Open newhoggy opened 5 years ago
well, lets work it out and measure!
https://hackage.haskell.org/package/vector-0.12.0.1/docs/Data-Vector-Fusion-Stream-Monadic.html
write a mapAccumL for the Stream type, and then its super easy to have that be the internal implementation for the rest :)
(modulo a few subtleties, like i think you need to make sure your stream step function is non recursive, but that should be fine, plus theres some other stuff, but i'm here to help (and trick someone into learning stream fusion :) ) )
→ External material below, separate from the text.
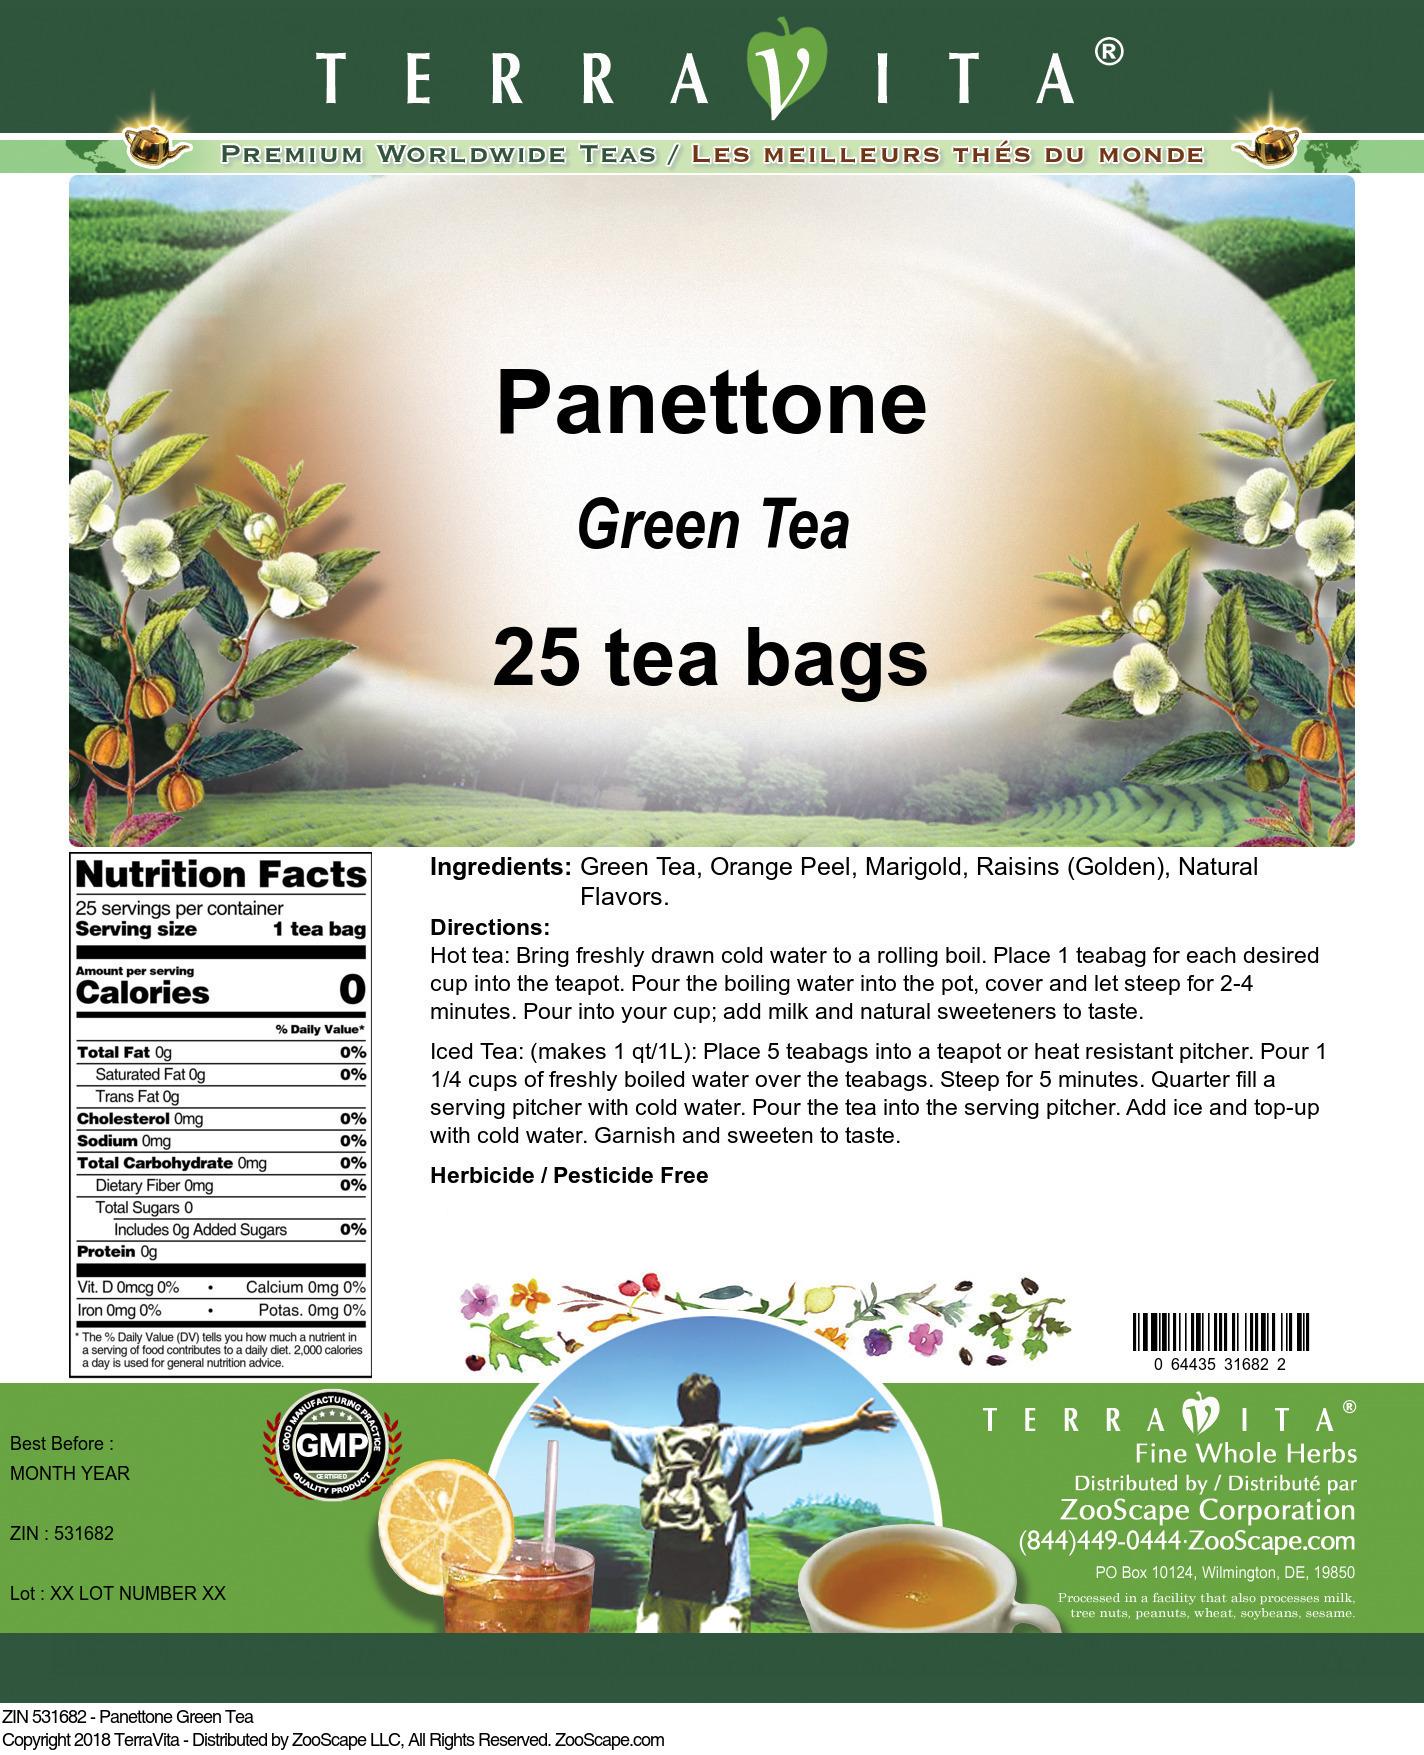 Panettone Green Tea
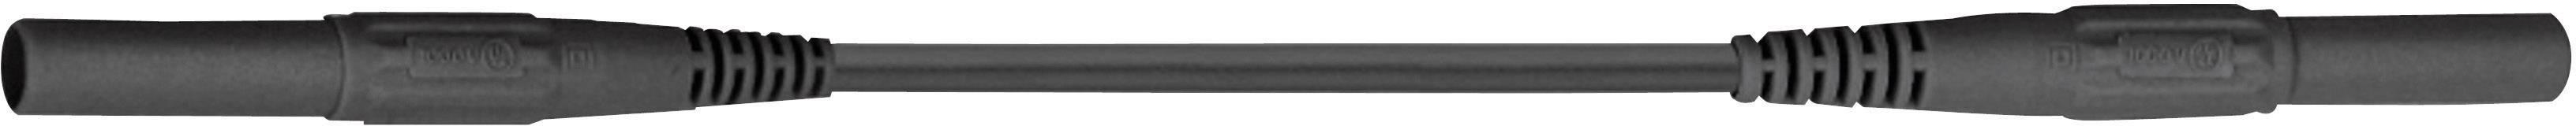 Merací silikónový kábel Multicontact XMS-419, 2,5 mm², čierny, 0,5 m

I've updated my PR with an implementation of mapAccumL
for streams. I couldn't see how I could do it without StateT
. As soon as I use StateT
, I pay a hefty 30x
performance penalty.
See https://github.com/haskell-works/hw-prim/pull/38
Specifically these benchmark results where mapAccumLFusable
is my unsuccessful attempt.
$ ./project.sh bench
$ ./project.sh bench
hw-prim-0.6.2.19: benchmarks
Running 1 benchmarks...
Benchmark bench: RUNNING...
benchmarking medium.csv/mapAccumL for DVS.Vector Word64
time 2.084 ms (2.042 ms .. 2.149 ms)
0.997 R² (0.994 R² .. 0.999 R²)
mean 2.133 ms (2.113 ms .. 2.160 ms)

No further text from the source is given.